In the formula, $\mu A_o$ is the effective flow area into the low-pressure fuel channel, mm²; $P_o$ the fuel pressure in the low-pressure fuel channel, MPa; $\lambda =\left\{\begin{array}{l}1, P_{CR}\ge P_O\\ 0, P_{CR}<P_O\end{array}\right.$.

Collating the above equations gives the following:

$$\begin{array}{l}{\displaystyle \frac{V_{CR}}{E}}{\displaystyle \frac{d{P}_{CR}}{dt}}=Q_{HP\to CR}-\kappa \left(\mu A_{CR\to OS}\right)\sqrt{{\displaystyle \frac{2}{\rho }}\left|P_{CR}-P_{OS}\right|}\\ -\zeta \left(\mu A_{CRK}\right)\sqrt{{\displaystyle \frac{2}{\rho }}\left|P_{CR}-P_K\right|}-\lambda \left(\mu A_o\right)\sqrt{{\displaystyle \frac{2}{\rho }}\left|P_{CR}-P_o\right|}\end{array}$$

(7)

3. CFD Model Building and Validation

3.1. Fundamental Conservation Laws

The flowing fluid is governed by the laws of physical conservation, and the basic conservation laws include the laws of conservation of mass, energy, and momentum. The mass of fuel flowing into and out of the common rail pipe is conserved, and the combined external force on the fuel flowing in the common rail pipe is zero, i.e., energy and momentum are conserved in the system.

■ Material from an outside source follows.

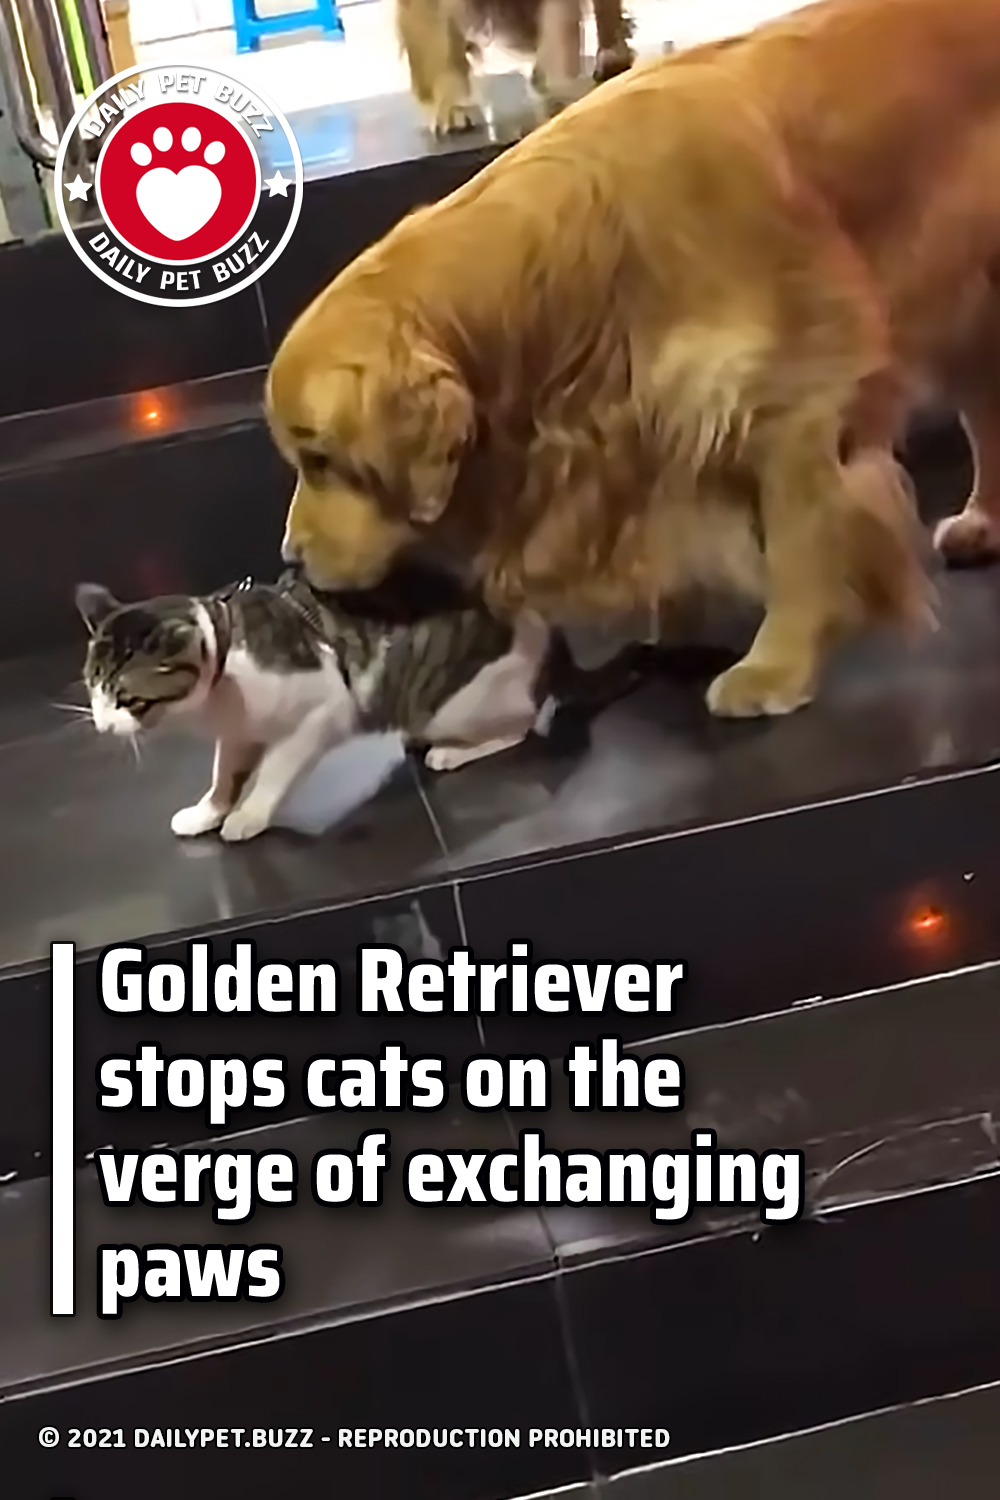 Golden Retriever stops cats on the verge of exchanging paws

Mass conservation equations:

$${\displaystyle \frac{𝜕\rho }{𝜕t}}+\nabla ·\left(\rho v\right)=0$$

(8)

In the equation: v is the velocity vector, ρ is the fuel density, and t is the time.

Energy conservation equation:

$${\displaystyle \frac{𝜕\rho }{𝜕t}}+{\displaystyle \frac{𝜕v_x}{𝜕x}}+{\displaystyle \frac{𝜕v_y}{𝜕y}}+{\displaystyle \frac{𝜕v_z}{𝜕z}}=S_m$$

(9)

In the equation, ρ represents the fuel density, and S_m denotes the mass source term.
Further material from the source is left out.